The competition is the same at the state level, according to Willingham, the only difference being an interactive story reading.

Willingham said she was nervous and a little bit intimidated during the competition.

"In the competition I didn't really get to socialize with many of my competitors, so I couldn't really get a feel of how everybody taught. It's kind of intimidating going around the room and seeing what everyone else is preparing," she said.

Willingham said didn't think she was going to win.

"It was very exciting, and was completely unexpected. I got a lot of support from the rest of my classmates and that felt good," she said.

For her first-place win, Willingham received a $50 Lowe's gift card and three books from Lakeshore, a publisher of learning books for young children.

"Hopefully, I will be able to use it (the gift card) for something for college that I need for my dorm," Willingham said.

Willingham's parents, Tavis Willingham and Stephanie Bard, were not in attendance at the competition, but Willingham said they were watching over the live Internet feed.

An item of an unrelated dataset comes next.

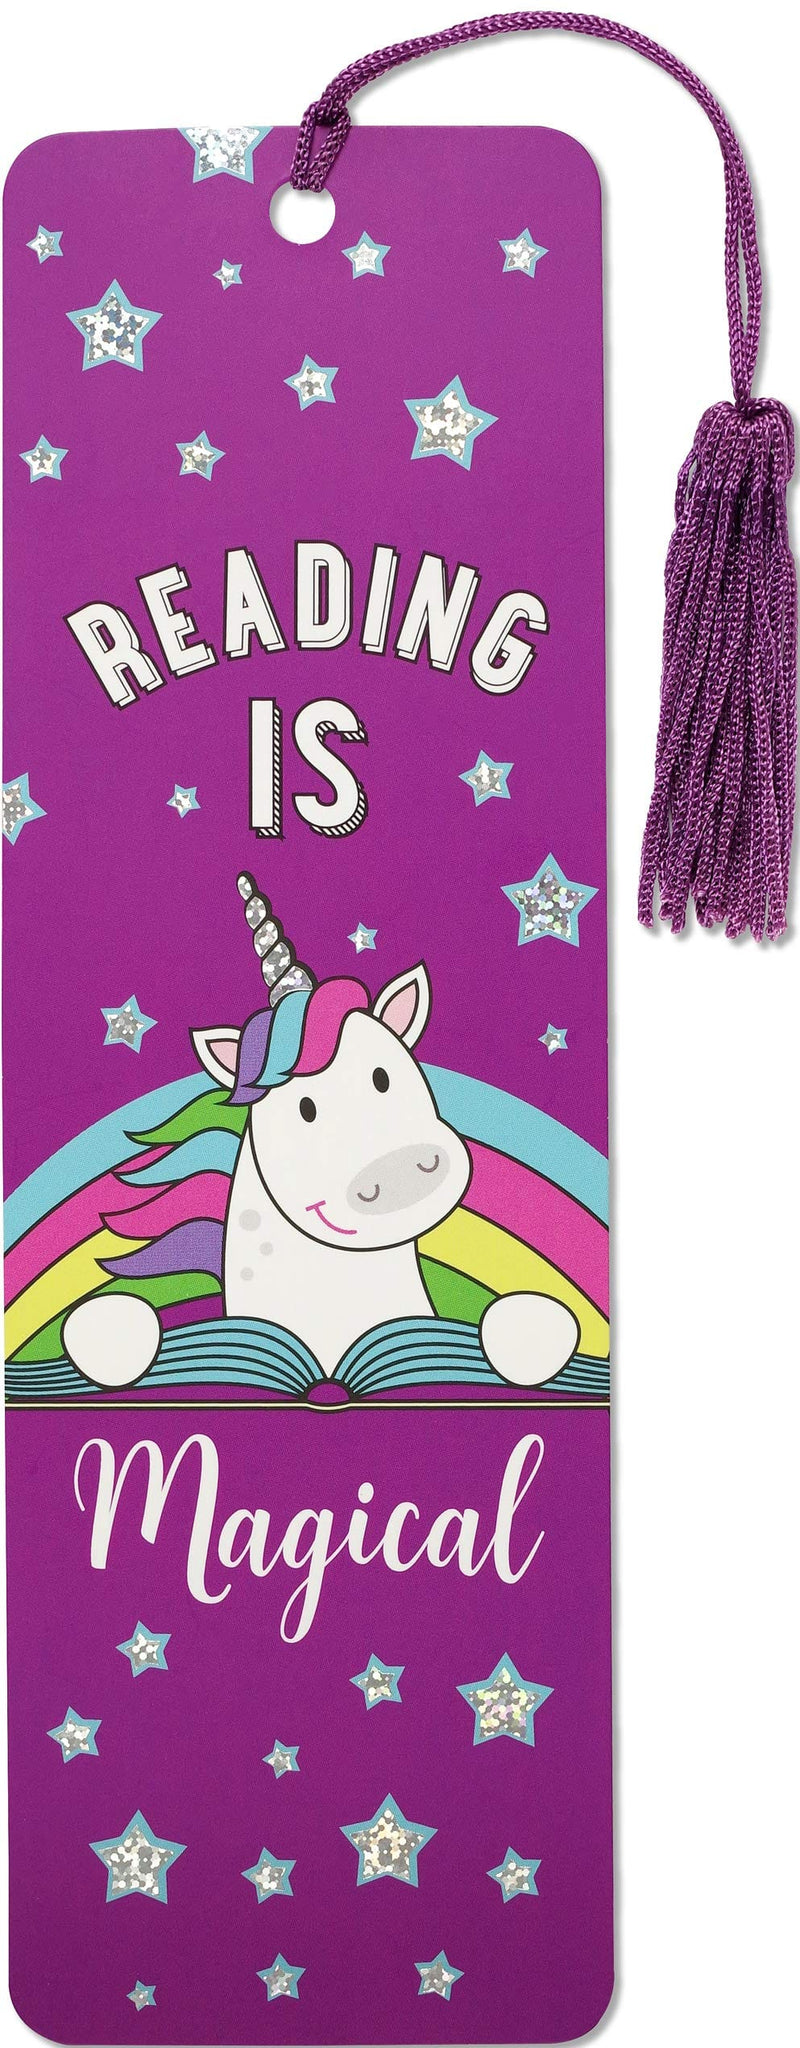 Reading is Magical Bookmark - Shelburne Country Store

"They were very proud and very excited for me," she said.

On Aug. 3, Elizabeth Morgan, superintendent of Washington County Public Schools, presented Willingham with a Golden Apple Award for her achievements at the Skills-USA competition.

Willingham received a golden-colored pin, in the shape of an apple.

"It is one of the ways that we recognize those who have done something for the school system or within the school system," Morgan said.

Morgan also wished her well with her planned career.

"When Ashley is ready to teach," Morgan said. "I hope she'll put Washington County at the top of her list."